O jornalDentistry em 2019-6-16

EDITORIAL

Escovas de dentes amigas do ambiente. E da Saúde Oral?

Escrevo este editorial desde Boston, onde vim fazer parte dum programa de educação contínua em periodontologia na Harvard University e assistir ao congresso internacional duma revista científica indexada e reconhecida mundialmente, o International Journal of Periodontics and Restorative Dentistry, cujo chairmain é o Dr. Myron Nevins.

Célia Coutinho Alves, DDS, PhD, médica dentista doutorada em periodontologia, diretora do "O JoralDentistry"

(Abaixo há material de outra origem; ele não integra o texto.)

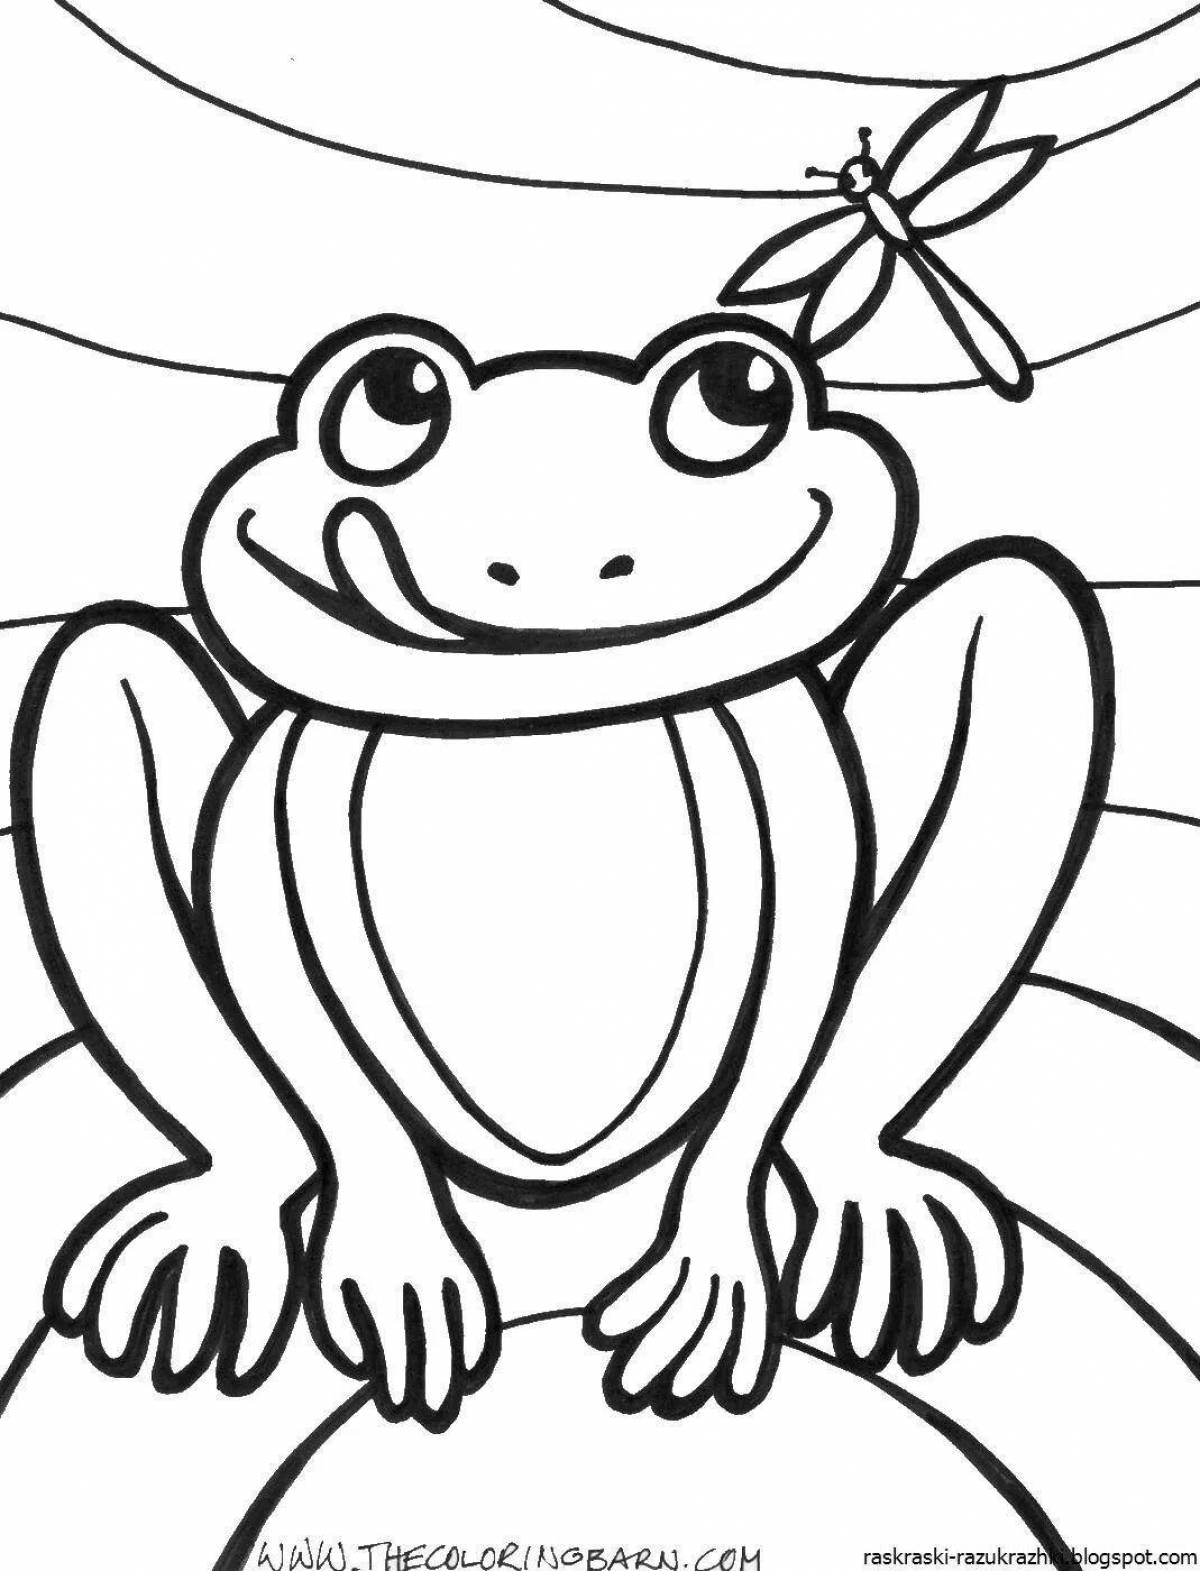 Увлекательная раскраска жаба для детей

Ele e o seu filho Marc Nevins guiaram-me desde sempre no meu percurso na especialidade de periodontologia. 
Decorre de três em e três anos, sempre em Boston. É uma cidade muito acolhedora, seguindo um padrão mais europeu. Tem centros académicos de excelência como a Harvard University ou o MIT. É uma cidade cheia de jovens estudantes, cuja média de idades é de 32 anos! 
Há quem diga que os Estados Unidos estão “mais à frente” e que o que se passa agora aqui se passará em breve na Europa. Desde logo, o que notei de imediato é a que a questão ecológica está muito marcada e pre- sente no dia-a-dia. Assim, as opções por alimentação vegan, low fat e high protein é uma realidade e não mais uma exceção. Venho a este congresso desde 2004 e onde antes se vendiam 100 opções de donuts, vendem-se agora embalagens de frutos secos e desidratados. O pequeno almoço que me servem ás 7 da manhã no átrio da Harvard Dental School tem pratos de papel e copos de papel à minha espera. Este facto fez-me refletir que, na verdade, a preocupação em encontrar uma alternativa ao plástico é uma realidade, doutra forma não se sentiria assim tão marcada neste país. 
Mas o que é que este tema tem a ver com medicina dentária, poderão pensar... Pois nesta sequência de mudança de atitudes também “made in USA” surgiram no mercado umas escovas de dentes eco-friendly cuja matéria-prima principal deixa de ser o plástico e passa a ser o bamboo. Isso mesmo, escovas de dentes feitas de bamboo. Na embalagem, também ela de origem vegetal, podem ler-se as características: escova de dentes à base de quatro plantas de bamboo, cabo de bamboo orgânico, cerdas vegetais suaves baseadas em óleos vegetais, embalagem de origem vegetal, duração igual a uma escova normal de plástico. 
Ora, admito que o bamboo já tenha sido estudado como alternativa ao plástico para variadíssimas opções com grande sucesso. Desconheço os estudos por detrás da sua aplicação em escovas dentárias para o regular uso e função para as quais as mesmas se destinam. Tratando-se de um  material de origem vegetal como se comportará quando sujeito à contaminação bacteriana consecutiva pelo uso na escovagem da cavidade oral? E aos fluídos orais? Como se pode desinfetar/lavar a própria escova de bamboo? Duma maneira completamente empírica e em jeito de mera reflexão, parece-me que o próprio bamboo pode constituir um meio de proliferação bacteriana a ser estudado. Sei que a pressão comercial/ideológica/social para a substituição do plástico por alternativas sustentadas é um grande desafio para os próximos dois/três anos, e a medicina dentária não se pode alhear dessa realidade, mas o que é certo é que já mais do que um paciente que trocou para estas escovas não demorou muito tempo a aparecer no consultório com sinais clínicos evidentes duma gengivite instalada... 
O diagnóstico diferencial é essencial em todas as áreas da medicina e a medicina dentária não é exceção, mas neste momento, face a uma gengivite instalada, há mais uma pergunta que me vejo obrigada a fazer, sem que haja evidência científica que sustente a causa-efeito, mas que um padrão de observação clínica me leva a suspeitar dela: “Por acaso não tem usado uma escova de dentes plastic-free, nomeadamente de bamboo?” E a resposta tem sido, invariavelmente, “sim, por acaso comprei uma há pouco tempo e tenho escovado com ela...” 
Quando nos informam que cerca de 1% do plástico presente nos oceanos são escovas de dentes...e concluem que com esta solução podemos “trocar de escova de dentes sem culpa”... estão a apelar à nossa consciência de consumidor ecológico. Mas o que podemos esperar dum produto “poroso e absorvente”, como o próprio fabricante indica, que “absorve a placa bacteriana”? Dum produto biodegradável que vai ser usado na cavidade oral, onde bactérias normalmente presentes serão absorvidas pelas características porosas deste material? Mais uma vez, deixo a reflexão... plástico não! E bamboo sim?!